As consumption represents the lion’s share of economic activity in many economies, the labour-market effects of AI’s proliferation are a risk worth monitoring. For now, there is limited evidence that it is putting large swathes of people out of work, but it is possible that such a scenario will play out over time, especially as wage bills represent low-hanging fruit for ambitious AI disruptors. If labour market weakness begins to outweigh the positive dynamics associated with AI investment and wealth effects from rising corporate profitability, economic trajectories might begin to shift downward.
Under such a scenario, AI capex plans, monetisation timelines and overall value creation would likely be scrutinised more intensely. Moreover, the socioeconomic and political ramifications could be significant. In today’s era of intensifying international competition, such developments could draw protectionist policy reactions, propelling the world more rapidly towards a multi-polar system.
K-Shaped AI economy: Robust growth but gloomy consumer confidence

The US holds a clear early lead in the AI supply chain, although it faces bottlenecks in areas like energy supply and skilled labour. Meanwhile, the rest of the world is playing catch up. In particular, China is scaling its capabilities rapidly, igniting fears of a race between the two superpowers. Once China enters a space, it has historically tended to flood the market with supply and bring down prices and margins. The release of DeepSeek’s open-source AI model in early 2025 highlighted this potential and drove a bout of market volatility by demonstrating that use cases do not necessarily require the most expensive, cutting-edge technology.
Increased supply chain competition would be detrimental to many AI infrastructure companies, but could have positive implications for AI adopters.

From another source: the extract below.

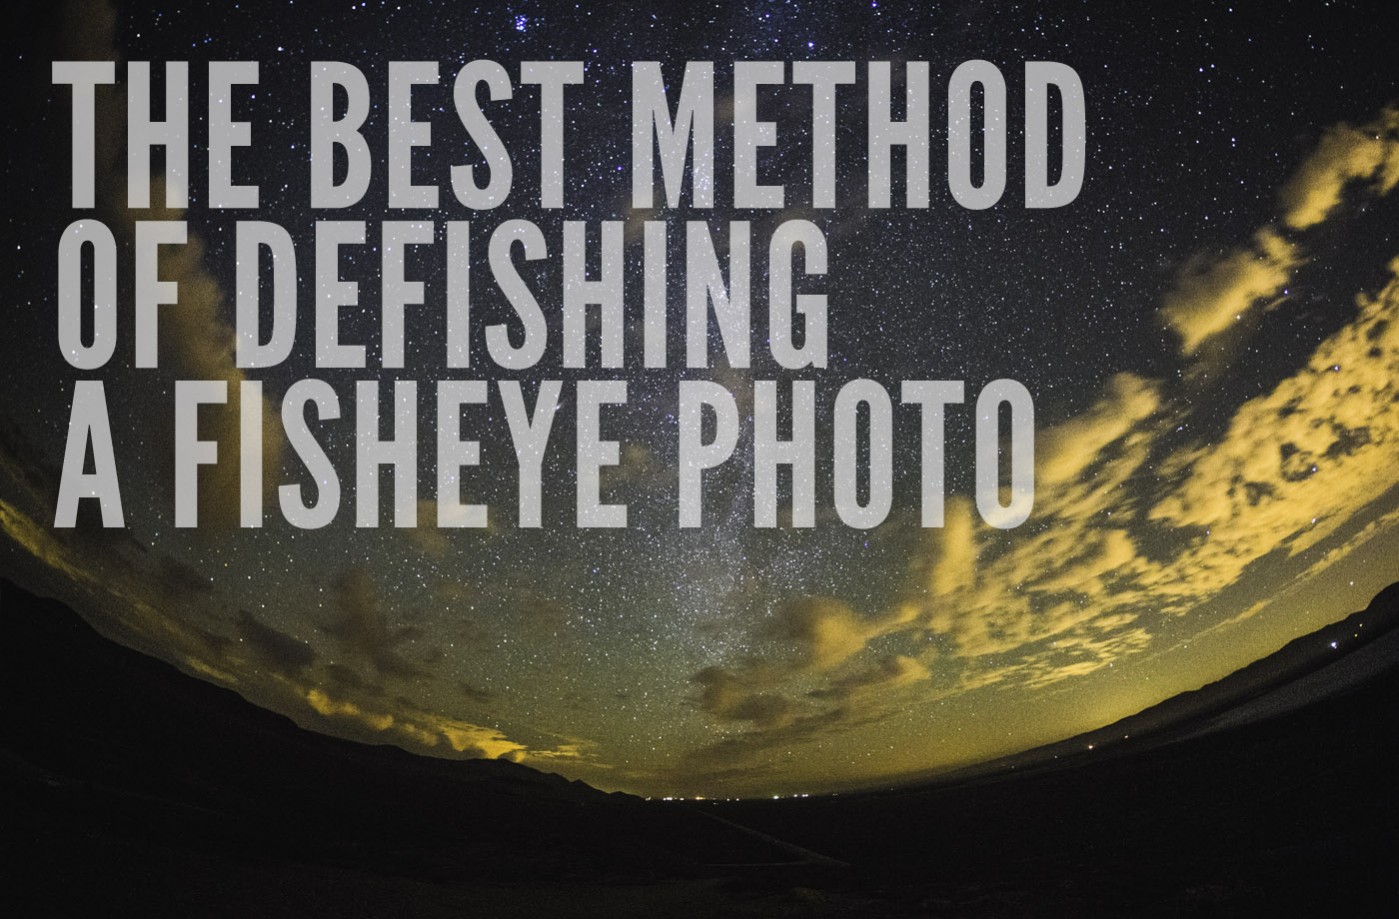 the best method of defishing a fisheye photo

We note that the benefits from new technologies have historically tended to accrue mostly to those that employ them effectively through higher returns on investment, rather than early-stage innovators that benefit from hype. With this in mind, China might benefit disproportionately in relative terms as it holds some advantages in terms of adoption, including its more open-source approach, state-driven industrial strategy, less stringent data laws, access to raw materials, and abundant energy capacity.